That is your opinion.


----------



## Mike T. (Dec 30, 2003)

Ironman, I know where you're coming from with this. I've never slipped off an external BB (yet) but your tool will make sure that it never happens.

A few years ago when Shimano BB units with square-taper spindles were all the rage, it was kinda not too hard to chew the splines out of the inside of a cup. Park Tool even acknowledged this as the one-and-only Calvin, their top tech guy, who posted regularly on this very forum, used to offer GIVE out bolts for bolting the BB tool onto the spindle. I was one of many who took him up on this. It was just an extra long crank bolt. I still have it and always use it when I'm R&R'ing a square taper BB unit.

Many people, with hollow spindle BB's, used an axle QR skewer to do the same job and that technique has been posted on this forum many times. So you're certainly not the first person to ever think it's a decent idea to bolt the tool to the cup. So don't worry about those who poo-poo your idea. They're free to do as they please.


----------



## Ratt (Dec 22, 2003)

Mike T. said:


> ......A few years ago when Shimano BB units with square-taper spindles were all the rage, it was kinda not too hard to chew the splines out of the inside of a cup......

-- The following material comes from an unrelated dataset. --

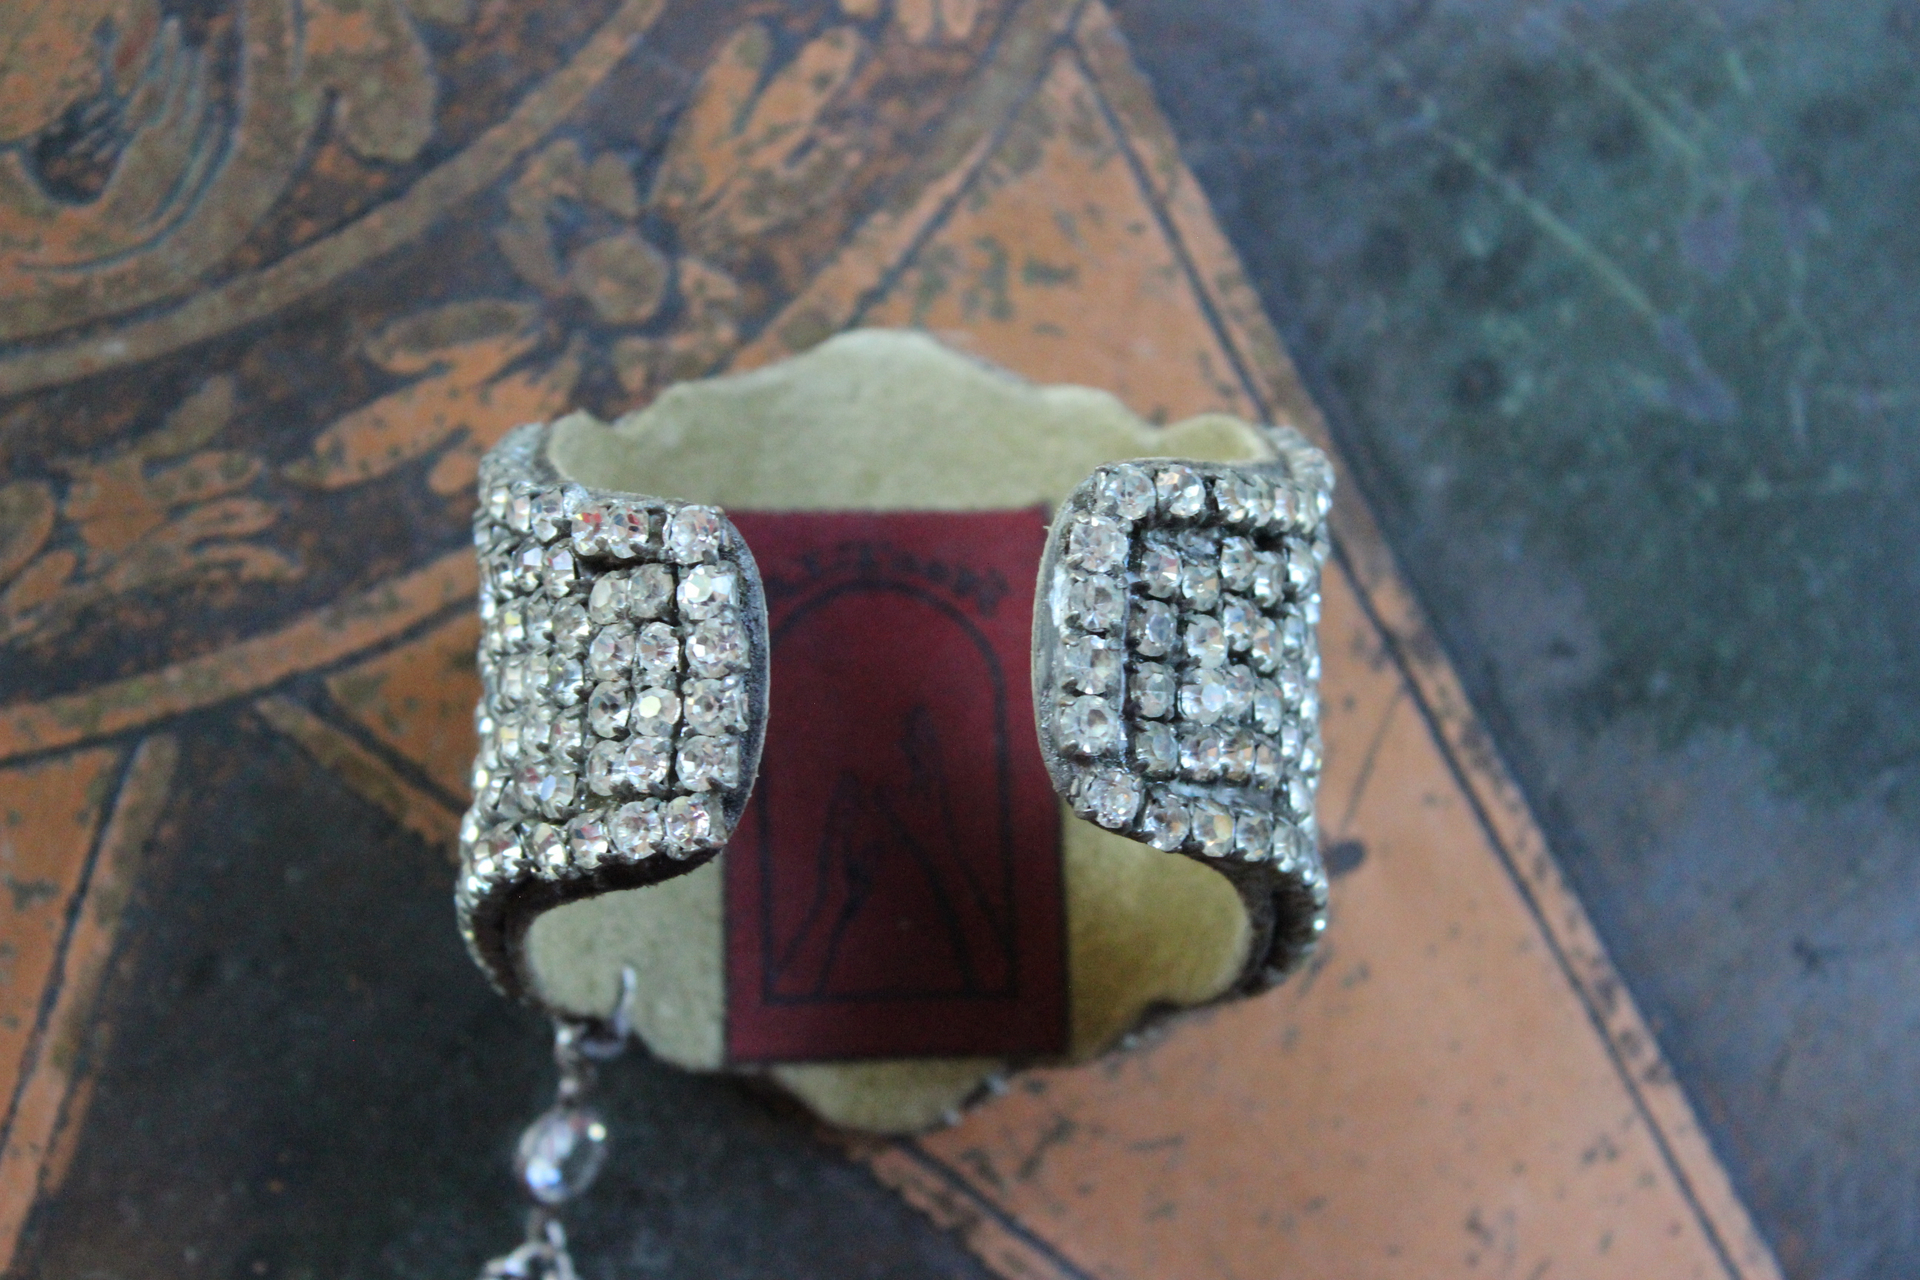 Antique Faceted Rhinestone Cuff Bracelet with Rare Antique French Ave Maria Medal, Antique Sterling Bead Point Cross, Antique Sterling Reliquary Locket & More!

I think that was a bit different because the splines tapered out to sort of force the tool off the BB, thats not the case here.

Two problems i see with this homebrew is that if you install the BB into the frame the tool will naturally loosen and be sort of useless. And the danger would be in removing a BB with this tool attached is that the bolt will not allow the cup to come out and possibly stripping BB threads. I am voting thumbs down on this idea, more engineering needed, maybe a spring loaded device.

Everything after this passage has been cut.